I’ve set up my game as a server, and also created a client in a separate project. When I run my client, it automatically start up the server as well, so I assume the client is connecting to the server properly.
But when I start up the client, it’s just a black screen. I assume that’s because the client doesn’t know anything about the server’s rootNode. Do I need the server to send a message containing the rootNode (plus other important stuff) to the client to display? And if that’s the case, how do I get the client to use the “imported” rootNode instead of its default?
I’m not sure that attaching the server’s rootNode to the client’s rootNode would work very well, because the only way the can communicate updates is through messages.
As you will find, there are many wrong ways to build a server and client game, and very few correct ways. One of the largest invalid assumptions is that the server needs a jme application and scene graph.
There is no easy way to do what you want to do. But some options are harder than others.
The hard way is to build your own networking infrastructure and sync the client and server manually. For this you will need to implement some form of a component system.

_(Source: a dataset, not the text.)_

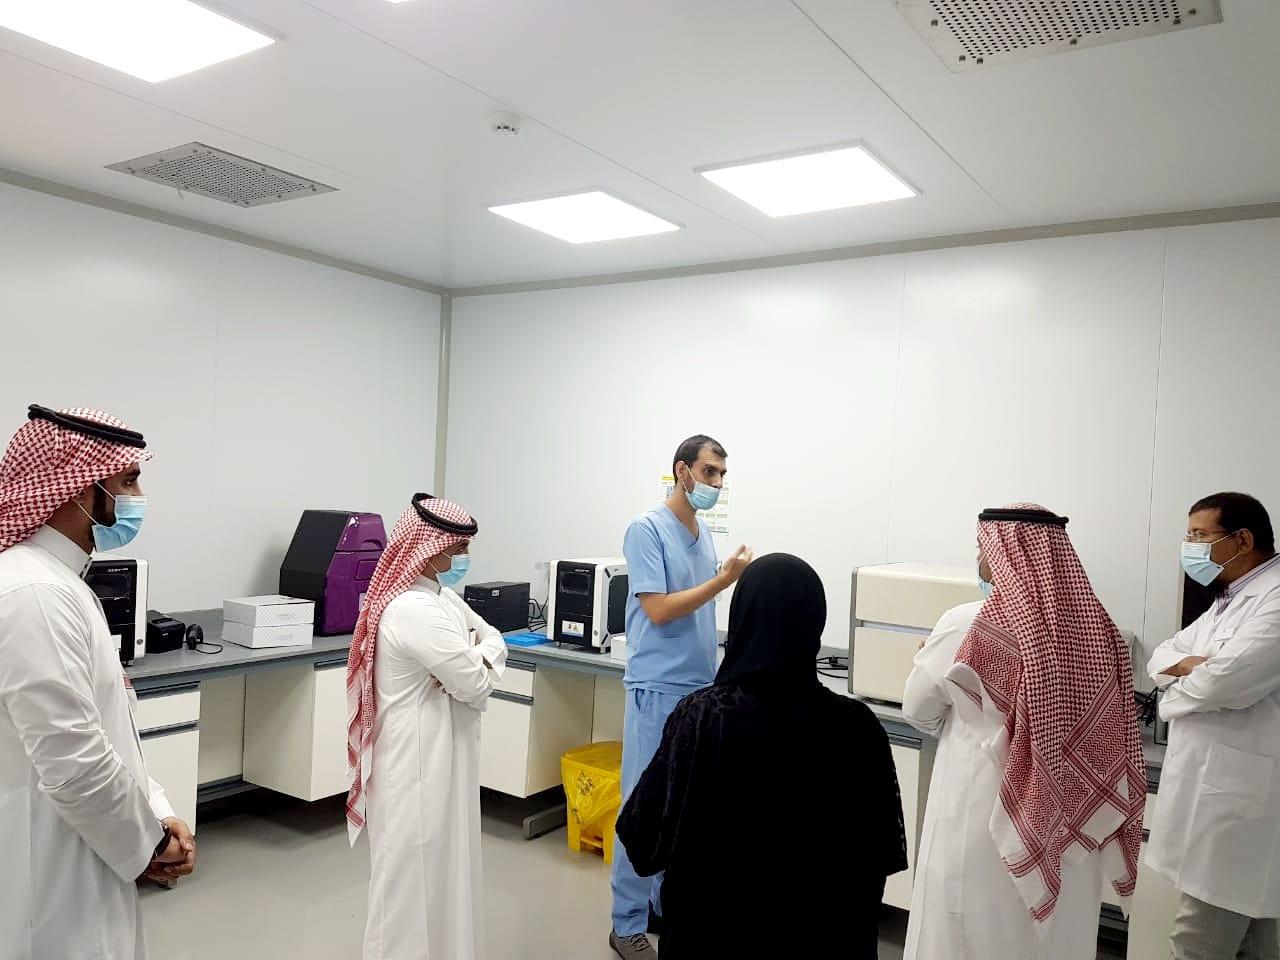 البيئة تعلن جاهزية مختبراتها البيطرية خلال موسم الحج - المواطن

The easy way is to use @pspeed’s SimEtheral component based network server/client library. It works out of the box, but you will still have to write your game around it.

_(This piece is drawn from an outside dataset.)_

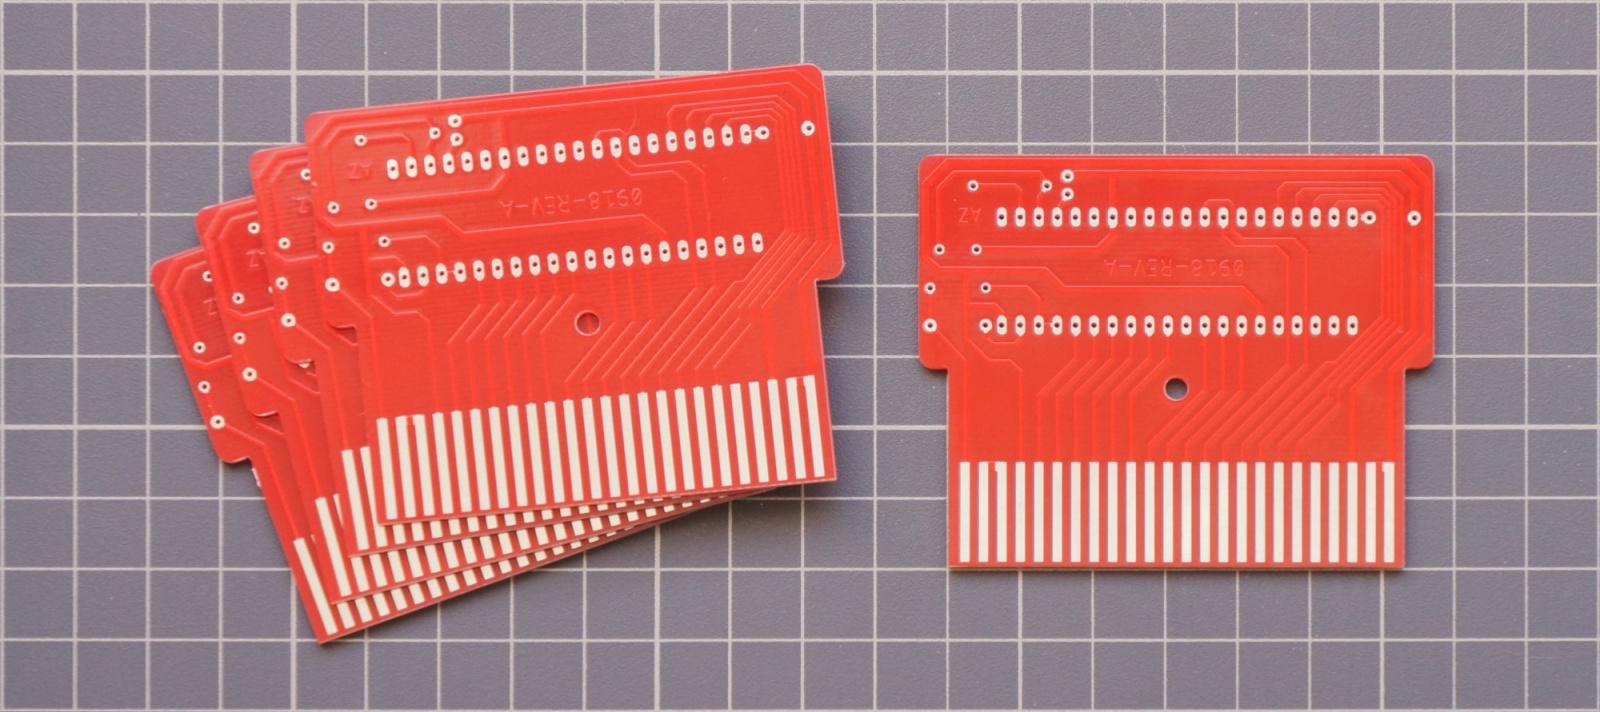 Ретро-разработка для первой портативной консоли из далекого 1979 года - 12

There is no magic copy server root node to client root node. But SimEtheral is as close as you will get.
I personally took the hard way developed my own networking library based on netty.io, and my own component system, and my own networking component sync library. It has taken me over two year of development.

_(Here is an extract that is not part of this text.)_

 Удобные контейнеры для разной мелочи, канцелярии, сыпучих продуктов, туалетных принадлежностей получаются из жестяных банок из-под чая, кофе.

Unless you are willing to spend that much time on it, use SimEtheral.
It is nearly impossible for the server to sync the client every frame. At 60 fps, that is 16 ms per frame. Normal network latency is between 20ms to 50ms, and if servers are in other countries it is not uncommon to see up to 100ms. Thus several frames have gone by before the server could get a single message to the client.
Also, ‘syncing’ the client to the server IS done with messages. And a lot of technical code is required, such as interpolation between last position and current position, handling user input, and notifying the client of what world objects exist, which ones don’t exist, which ones moved, and interpolating to where they moved. Not to mention authentication for the user. Simply using java io is very limiting and will require massive amounts of code. Correct implementations of a networked system use nio and both udp/tcp.
As mentioned, SimEtheral will handle that for you to a large extent. Otherwise you are in for hundreds of thousands of lines of code that you will have to write.